Unless: I wonder if a Debian package of the Compress::Zlib built for 686 would help at all. Anybody able to profile the difference for me, or give me pointers on the best Debian way to go about that?
Moving on, we can't get at the profiling of BML::__ANON__ stuff (which is all BML pages). But... we for profiling have a special BML mode that compiles all BML pages to named subs instead of anonymous subs. That might prove interesting.
DBI stuff: ignore. I wasn't profiling with memcache.

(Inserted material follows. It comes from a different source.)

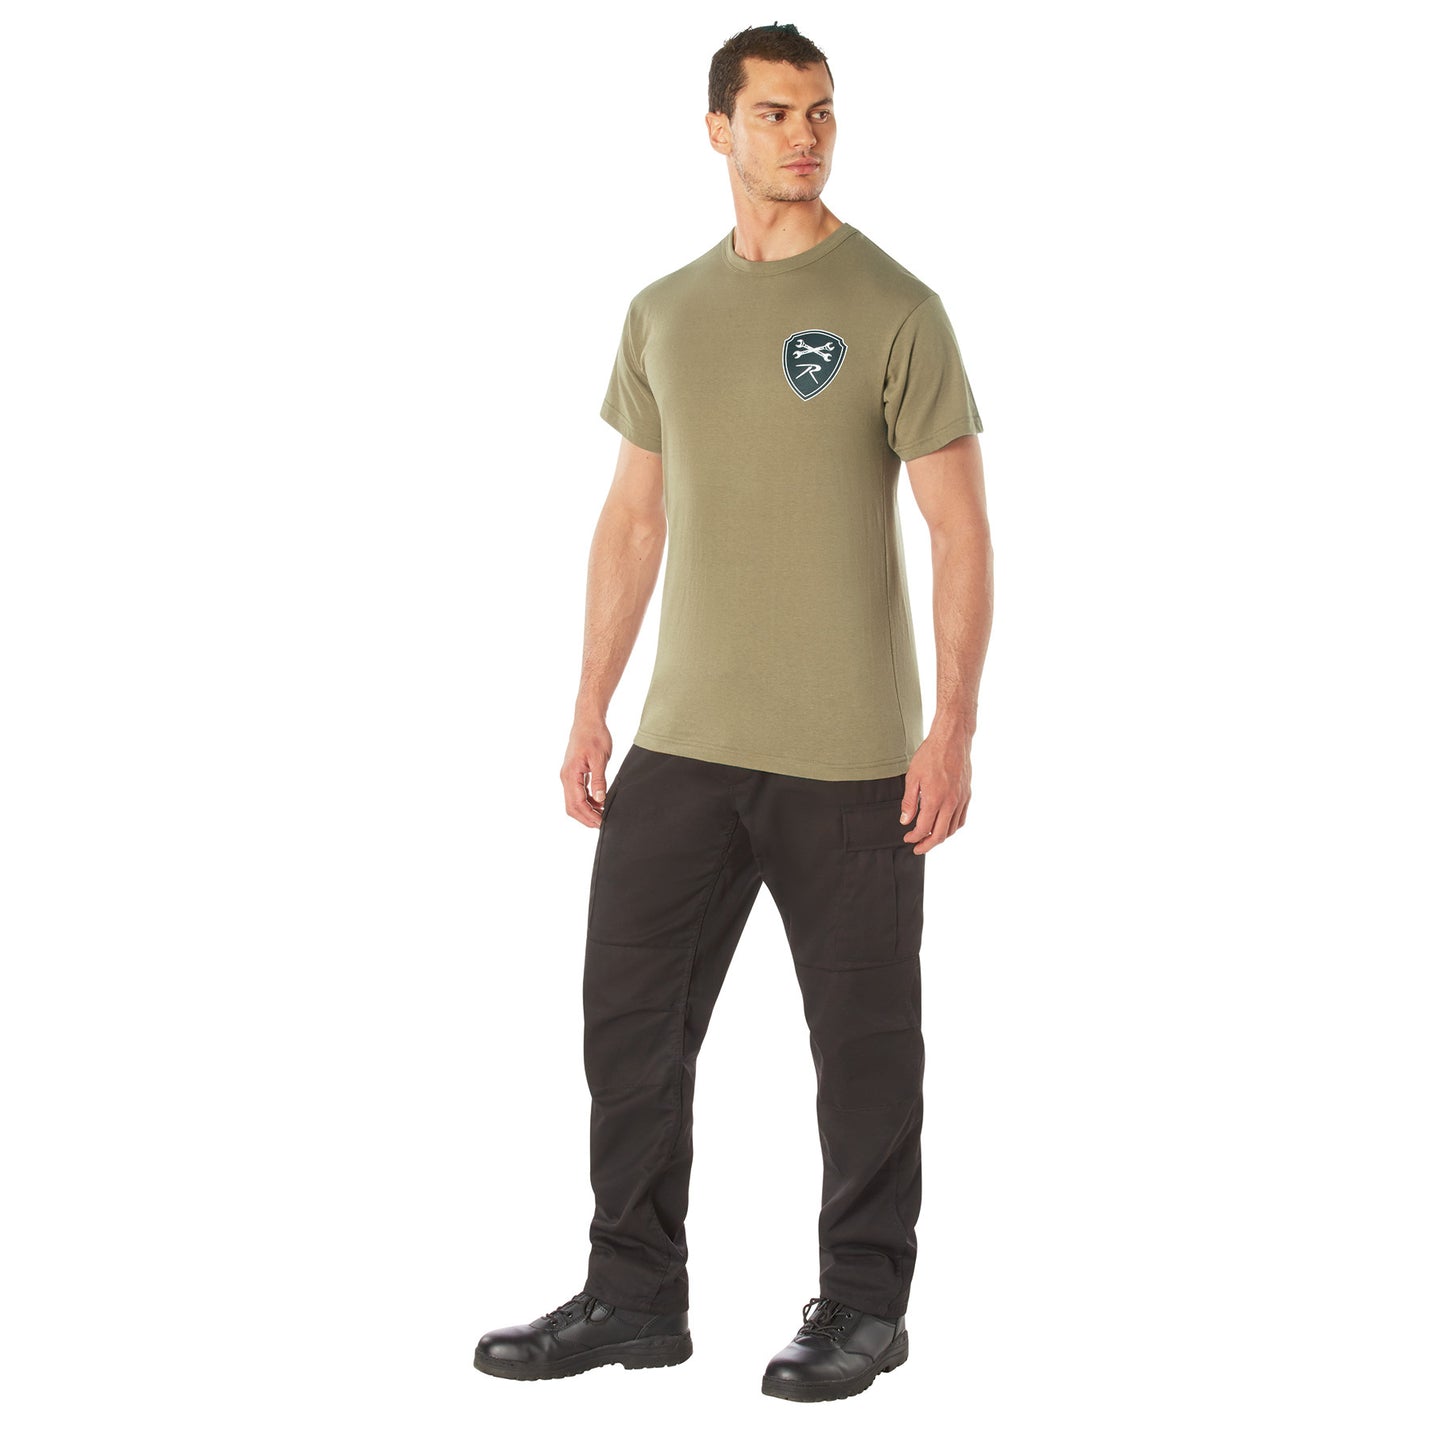 Rothco Workwear Tee WWI Bottle Cap T-Shirt

That stuff mostly goes away.
Apache::LiveJournal::db_logger/::trans: again, those just call a lot of XS stuff, they're not actually slow. (::trans might help to improve, but db_logger is simple)

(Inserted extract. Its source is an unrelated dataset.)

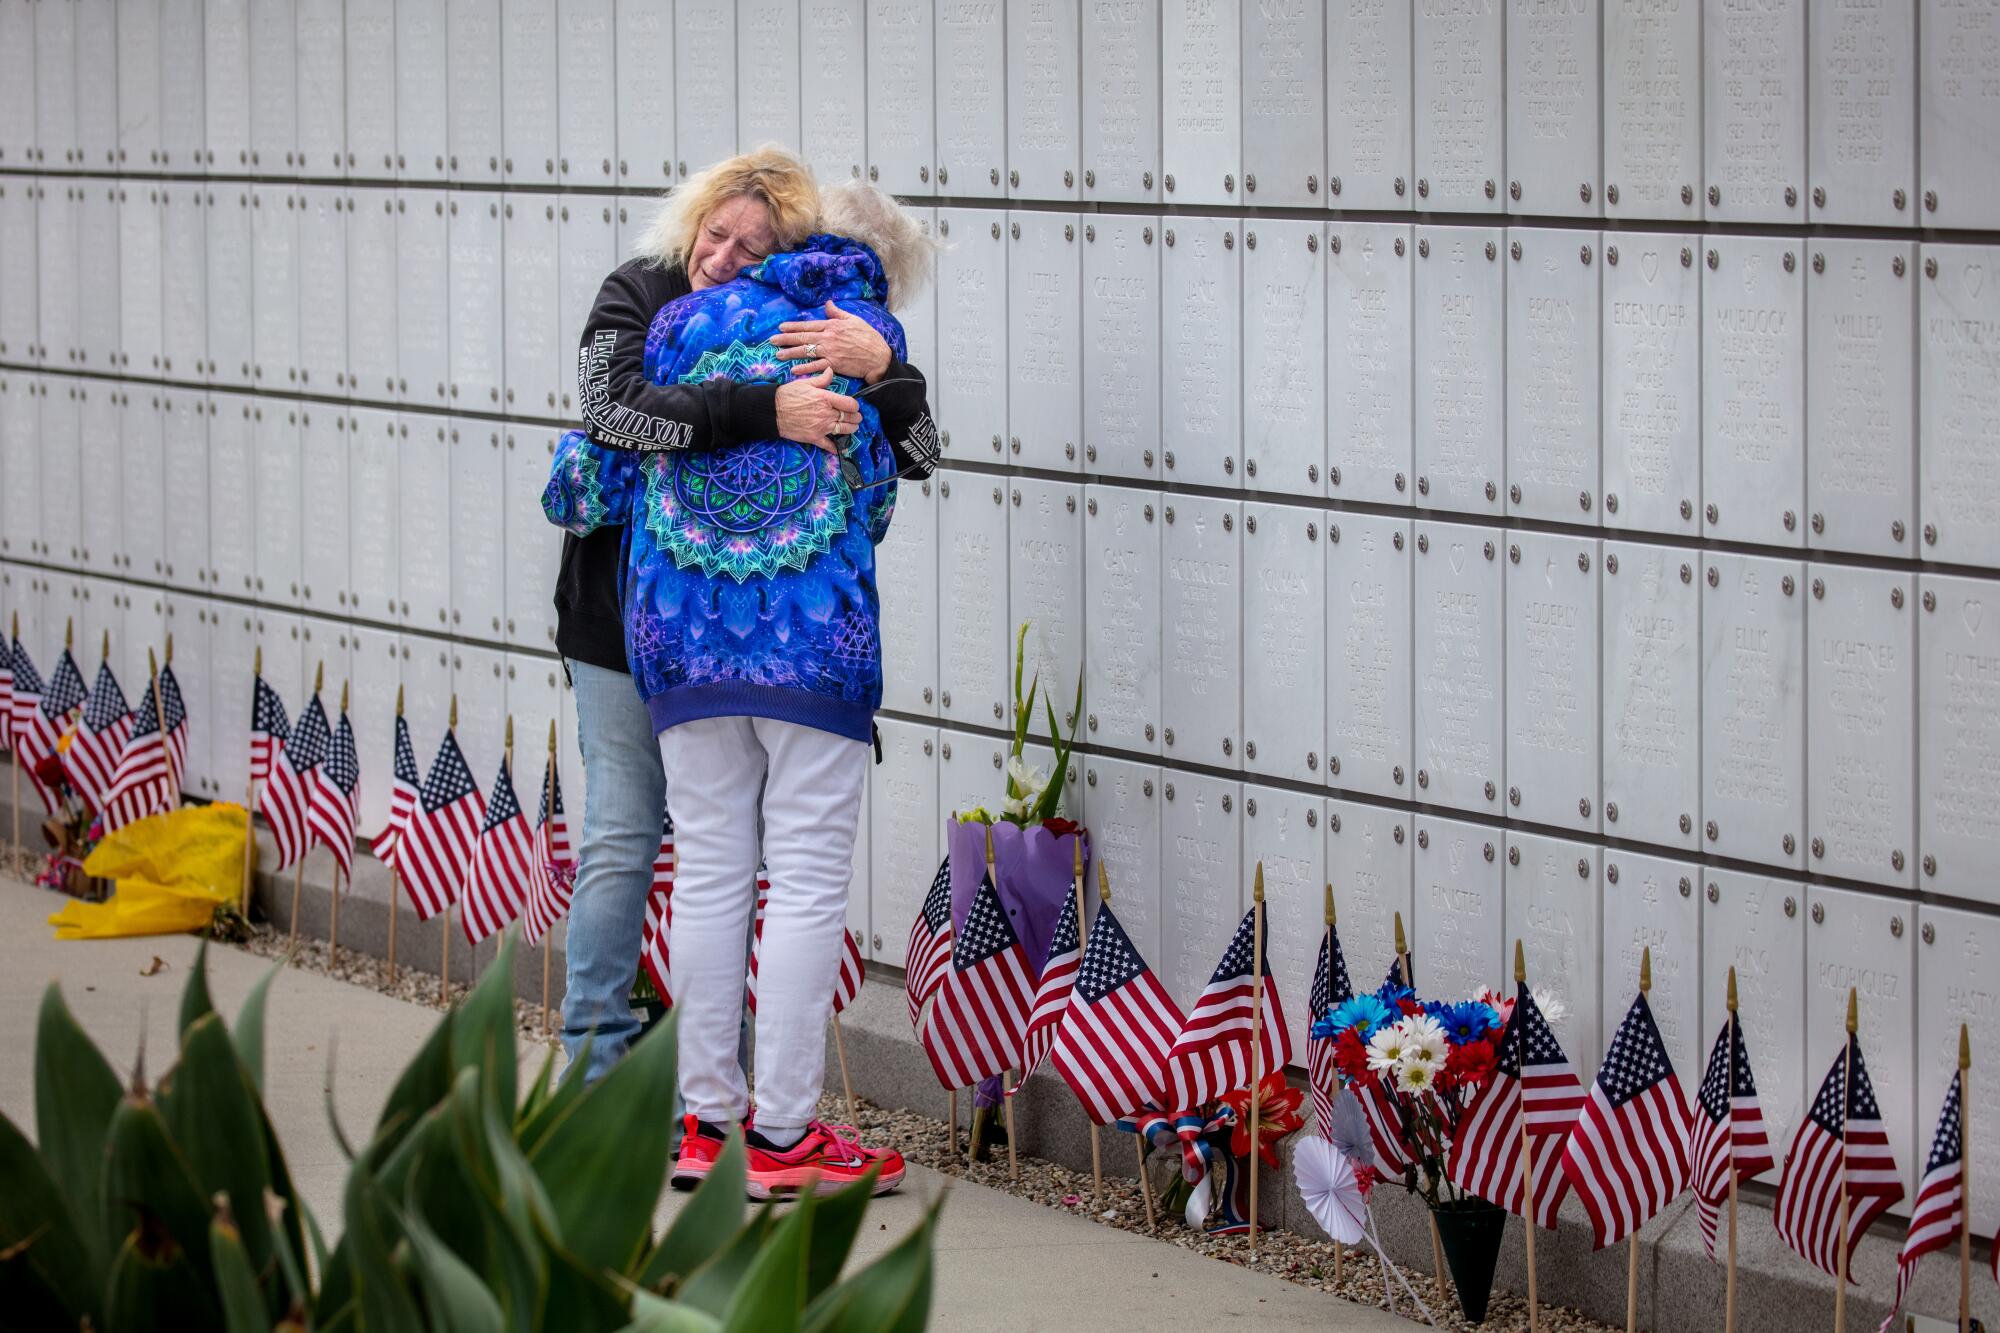 Meryle Moroney, left, hugs her mother Ruth, as they visit the remains of her father Carl, who died in November 2022

load_comments.... it is big and perhaps CPU heavy, but I don't see any obvious way to improve it, and it's fragile, so I don't want to really mess with it.

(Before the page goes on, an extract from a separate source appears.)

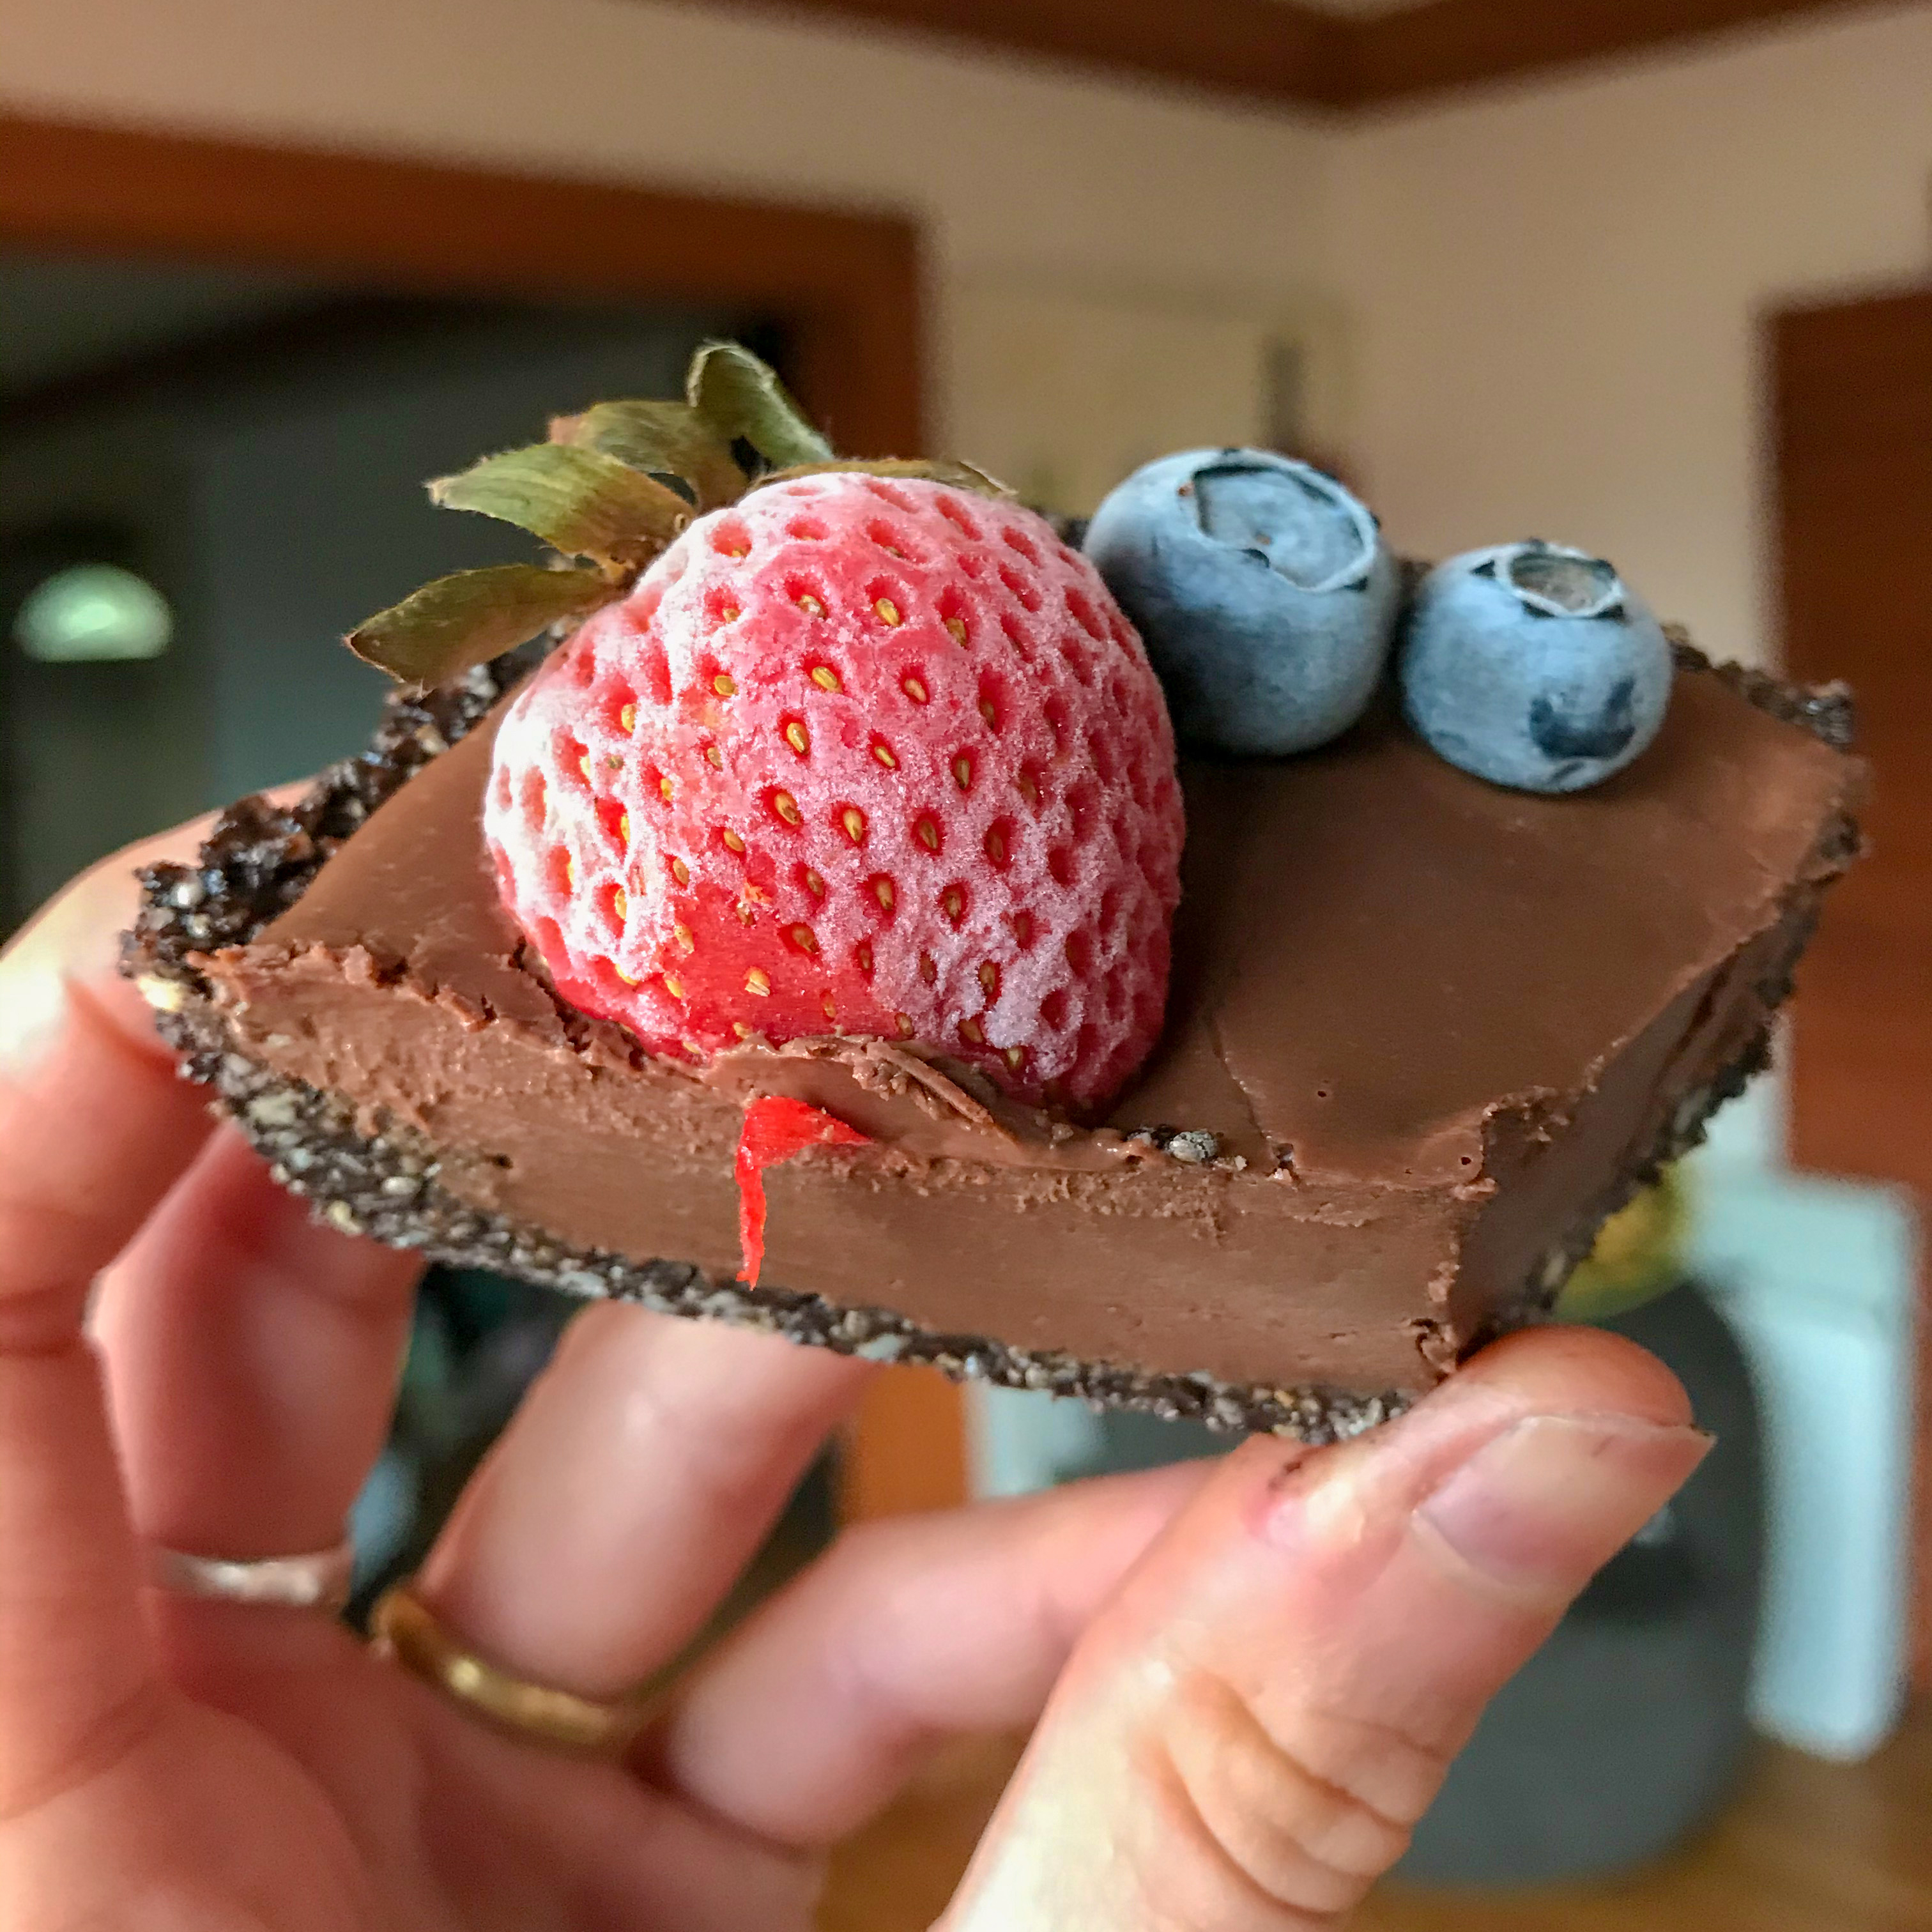 A slice of the vegan chocolate tarte with a frozen strawberry and 2 blueberries on top.

I think the big thing to do here is investigate how to make gzip stuff faster, if possible, and break up the BML reporting so we can see where we really need to work on.
The good thing is that the HTML cleaner doesn't even show up in that list anymore.
Curious: why don't I see any S1 or S2 function calls in the dprofpp trace? (dprofpp -T shows no match for "create_view" or "LJ::S2", which it should?) Does Devel::Dprof exclude certain things? I don't see the pattern. Oh, probably because all that S1/S2/"make_journal" stuff is called from a closure within Apache::LiveJournal::journal_content .... ah, hell. I think Devel::Dprof is pretty much useless for us, then?
Update: Rebuilt libcompress-zlib-perl with apt-build to see if gcc could make faster code for it if it didn't have to be 386-safe. Benchmarks, unfortunately, are exactly the same.